At the end of 2010, the metro operating department decided to carry out the Huangsha station expansion project, and five new gates marked as #5 to #9 in Figure 1 would be built for the station. Two months later, upon finishing the project, water seepage through the gates was observed over a large area, as shown by the photos in Figure 14. At midnight on Jan 9, 2011, mass concrete blocks were found on the track bed of the westbound tunnel 4 m away from the north end of Huangsha station during routine metro tunnel inspection. Those blocks were confirmed to be from a top cracked longitudinal segmental joint (K5 + 404.8). For safe metro operation, professional investigations were conducted to determine the current safety status of the tunnel and how to prevent further tunnel deterioration, which are presented in the following sections.

4.1. Spalling Concrete Blocks

In the westbound tunnel, 19 spalling concrete blocks were detected, where segmental reinforcements as well as nine segmental bolts were directly exposed to air. The maximum size of the dropped block was 57 × 13 × 10 cm, located on the 38th ring (45.6 m away from the north end of the station). Within the alert range, the broken segments comprised 14.2% of the total 84 segmental rings. Spalling concrete blocks were mostly found around the circumferential segmental joints in the tunnel vault (known as the key segment). The measured exposure rate of the reinforcements was 14.4% and that of the bolts was 10.7% along the complete alert range of the westbound tunnel. In the eastbound tunnel, 11 spalling concrete blocks were found with segmental reinforcements and bolts directly exposed to the air. The largest size of detached concrete was 56 × 10 × 10 cm, which was located at the fifth ring (6 m away from the station). After the investigation, the spalling concrete blocks were removed, and the broken segments were then amended with grouting mortar, which is shown in the photographs taken in situ in Figure 15.

Among the spalling blocks found in both tunnels, 76.7% were found along circumferential joints (between the segments of the same ring), and 23.3% were found along longitudinal joints (between the segmental rings). Examples of the spalling blocks around the circumferential and longitudinal joints are shown in the photos in Figure 16, while the amount and location of the falling blocks found in both tunnels are presented in Figure 17. A smaller stiffness between the longitudinal segmental rings was believed to contribute to less stress on the concrete along corresponding hand holes, which is why fewer longitudinal spalling blocks were found.

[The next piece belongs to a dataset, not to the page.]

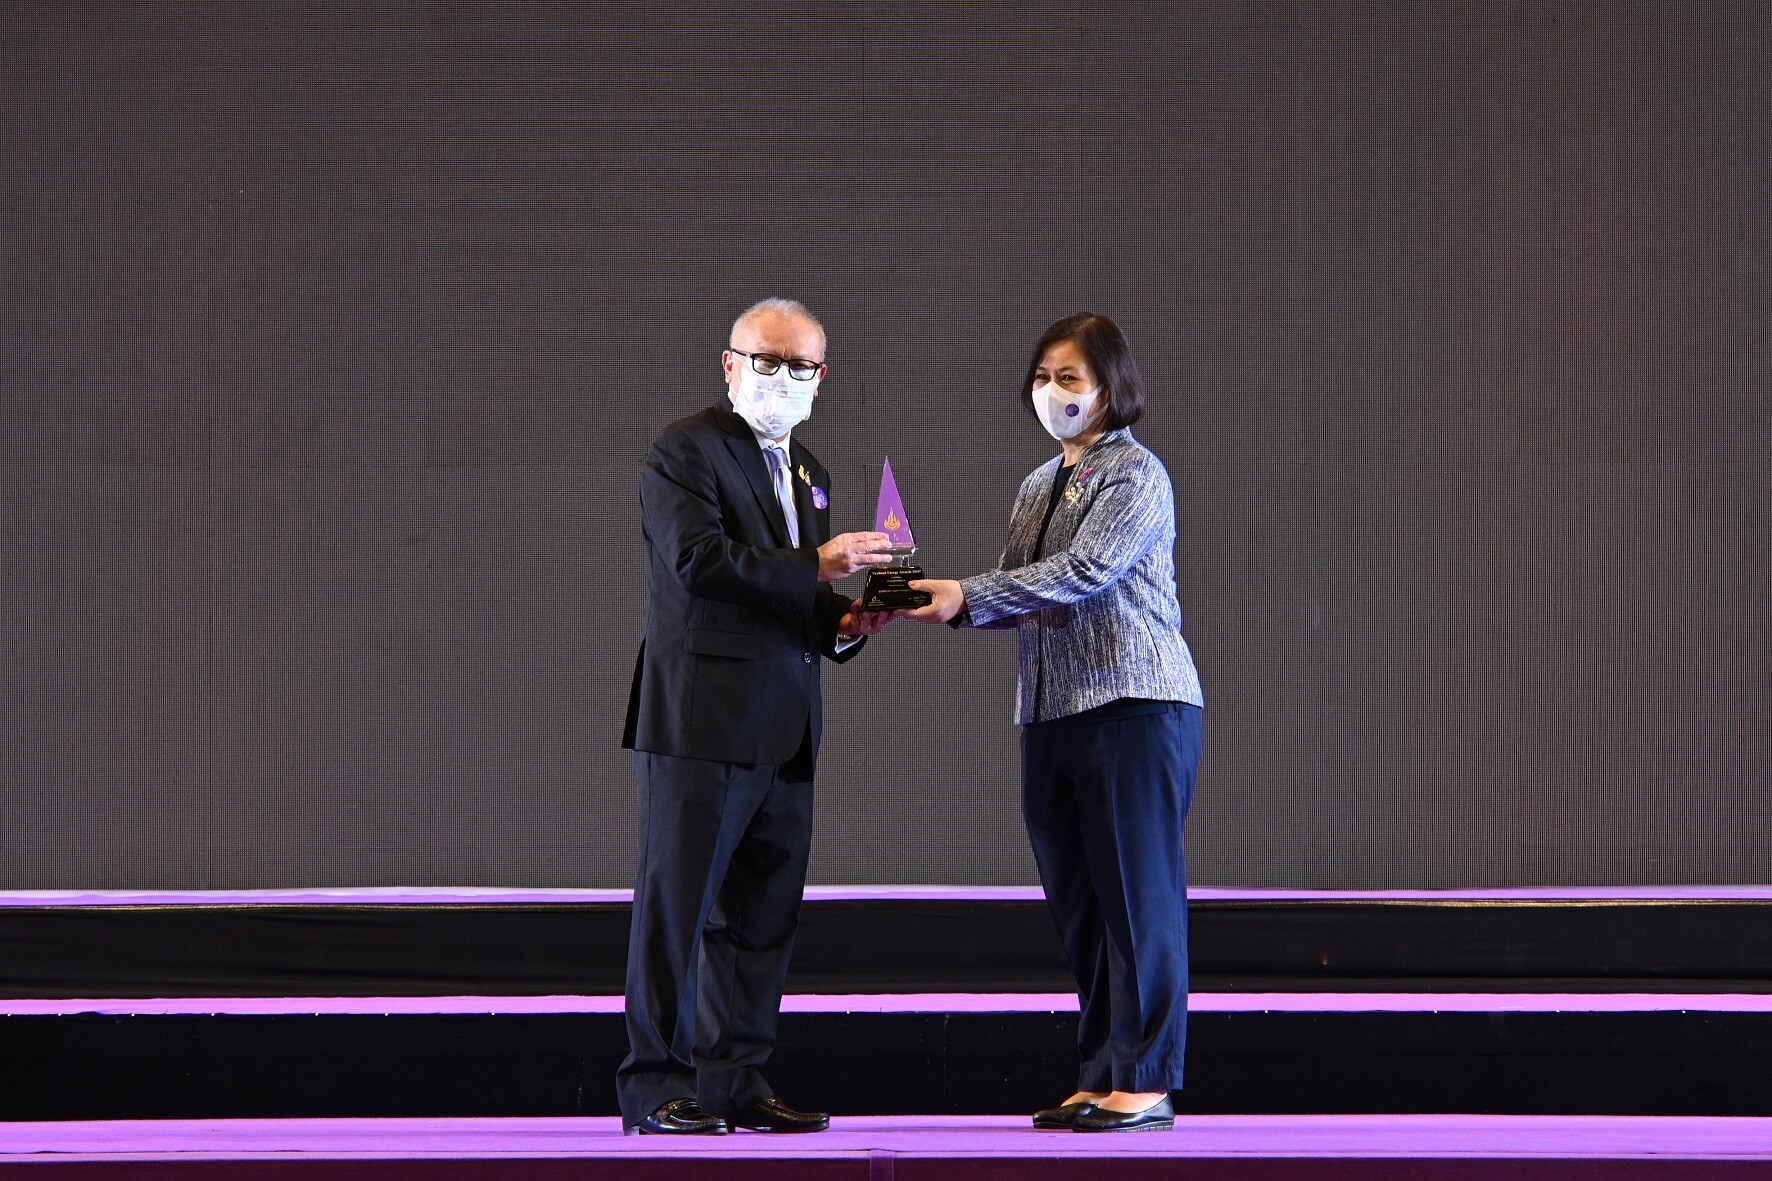 ไบเทค คว้ารางวัล Thailand Energy Award เดินหน้าองค์กรรักษ์สิ่งแวดล้อม และบริหารธุรกิจแบบยั่งยืน
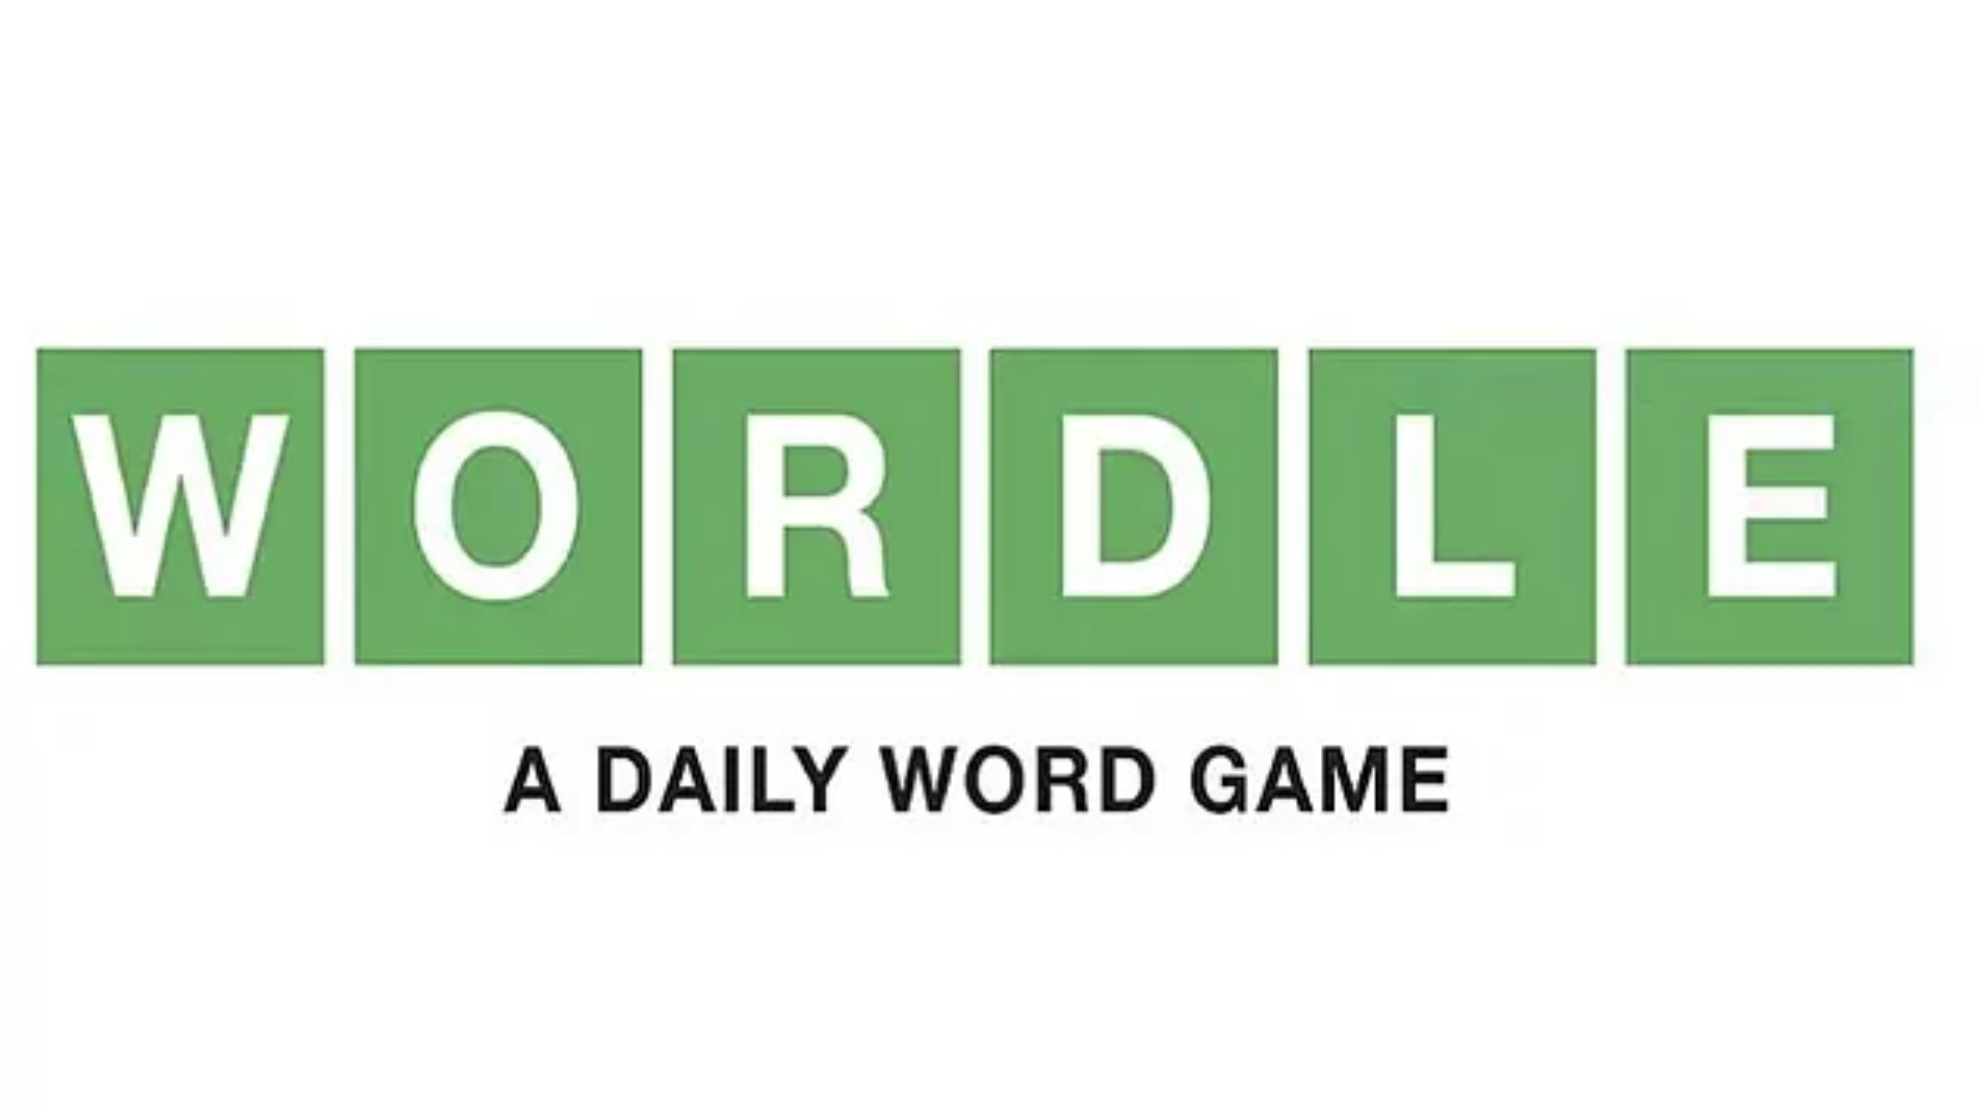 'Wordle' en español: Conoce las pistas y la solución al reto 37, para la palabra de hoy, 12 de febrero 2022

Therefore, both tunnels had undergone large deformation at that time, which led to partial stress concentration on the segments, and the series of spalling concrete blocks indicated that the tunnel should be in a severe state. As a result, a detailed investigation of segmental cracks was carried out to determine how the tunnel was damaged and to what extent the tunnel should be strengthened, which are presented in the following sections.

4.2. Segmental Cracks

143 cracks were detected in the westbound tunnel, and 119 cracks were identified in the eastbound tunnel. Most of the cracks propagated throughout the segments along their width (i.e., the length exceeded 1.20 m). The maximum widths of the cracks were measured to be 0.53 mm and 0.51 mm, appearing on the 22nd segment (26.4 m away from the station) and 47th segment (56.4 m away from the station) in the westbound and eastbound tunnels, respectively, which are shown in the photographs taken in situ in Figure 18.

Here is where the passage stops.